If you don't print daily you can get clogs. I repeat it . I said C A N , can. not W I L L will. 

PS there are enough post of people who printed one day and then the next day have clogs. And yes been one of them on more than one occasion.

Misspellings left to give Mike something to nitpick about 

Merry Christmas and Happy New Years to you too !
I belive its low 80's here today. Not Christmas weather at all


----------



## mgparrish (Jul 9, 2005)

freebird1963 said:


> If you don't print daily you can get clogs. I repeat it . I said C A N , can. not W I L L will.
> 
> PS there are enough post of people who printed one day and then the next day have clogs. And yes been one of them on more than one occasion.
> 
> ...


Doubt most those that are claiming "clogs" are true clogs if printing daily and still experience banding or poor nozzles, more like vacuum issues. 

Unless the capping station broke then the inks don't coagulate so fast, or unless the carriage is not left in the park position for an extended period, even here in Phoenix.

No charge for the education BTW.

But yup, ole Santa in a speedo in Phoenix this year.


----------



## CamoQueen (Aug 22, 2016)

I have purchased the P800 (it is on it's way) and the empty cartridges for it (ink owl), but as for ink, I am not sure what to use.

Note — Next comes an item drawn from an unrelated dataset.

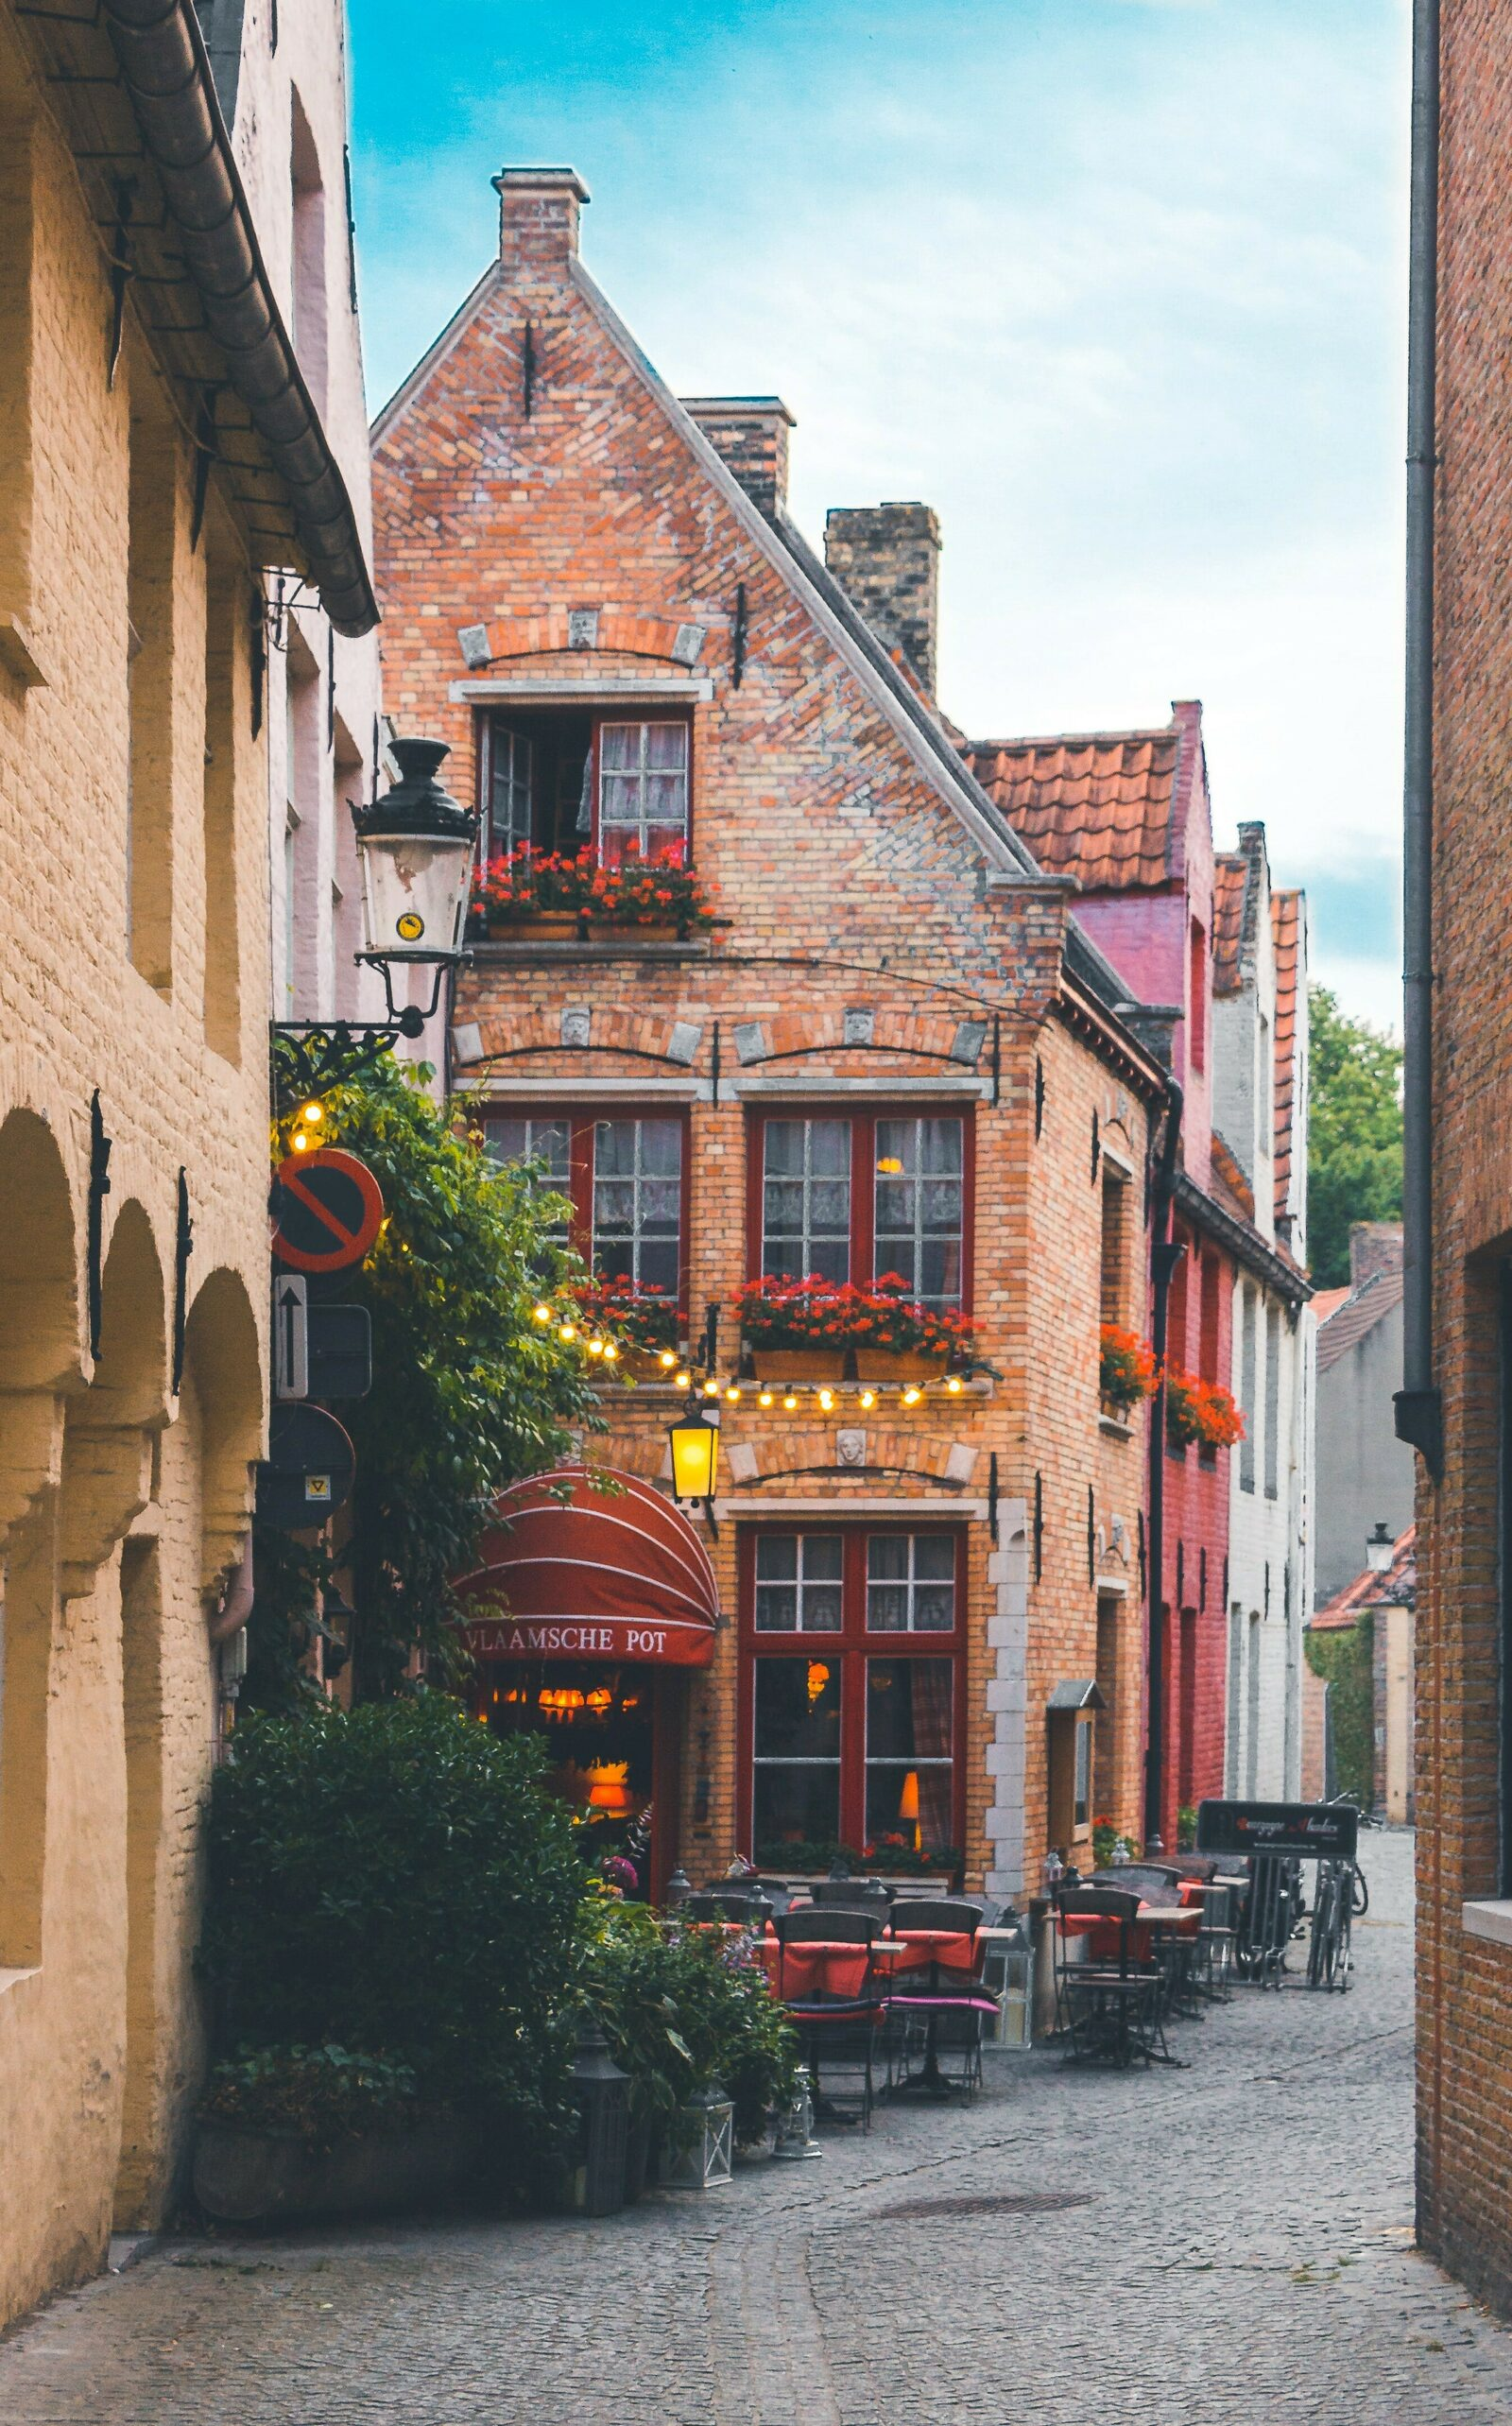 secret spots - Holiday Suites - armenhuizen Brugge

With my Espon 7890 I used SubliM. But the ink is currently out of date and the past 3 years, I have gone through two of the 7890 (brand new when purchased). Nothing but clogging and errors. Of course this was after the warranty and the cost to fix them was more than the machine. So, I am moving on to a smaller machine, as I only need to print 17" max. I was thinking Cobra ink. Thoughts??


----------



## malkram (Jan 15, 2016)

CamoQueen said:


> I have purchased the P800 (it is on it's way) and the empty cartridges for it (ink owl), but as for ink, I am not sure what to use. With my Espon 7890 I used SubliM. But the ink is currently out of date and the past 3 years, I have gone through two of the 7890 (brand new when purchased). Nothing but clogging and errors. Of course this was after the warranty and the cost to fix them was more than the machine. So, I am moving on to a smaller machine, as I only need to print 17" max. I was thinking Cobra ink. Thoughts??


I've asked feedback from several people who use(d) Cobra ink and all of them said it's great and has nothing to envy to Sawgrass


----------



## CamoQueen (Aug 22, 2016)

Well it turns out that the 3rd party cartridges for the P800 are not working like they were intended. I spoke with InkOwl, who said that some of their customers, who have used the cartridges for refill have found that once they are empty (or low) and removed, they no longer worked. It seems that Epson has a way of blocking the use of these cartridges and he advised me not to purchase them until the problem was solved. So, I have no choice but to wait for a fix. Or, I can take my chances as I do not print often and will not go through the 80mls very fast.


----------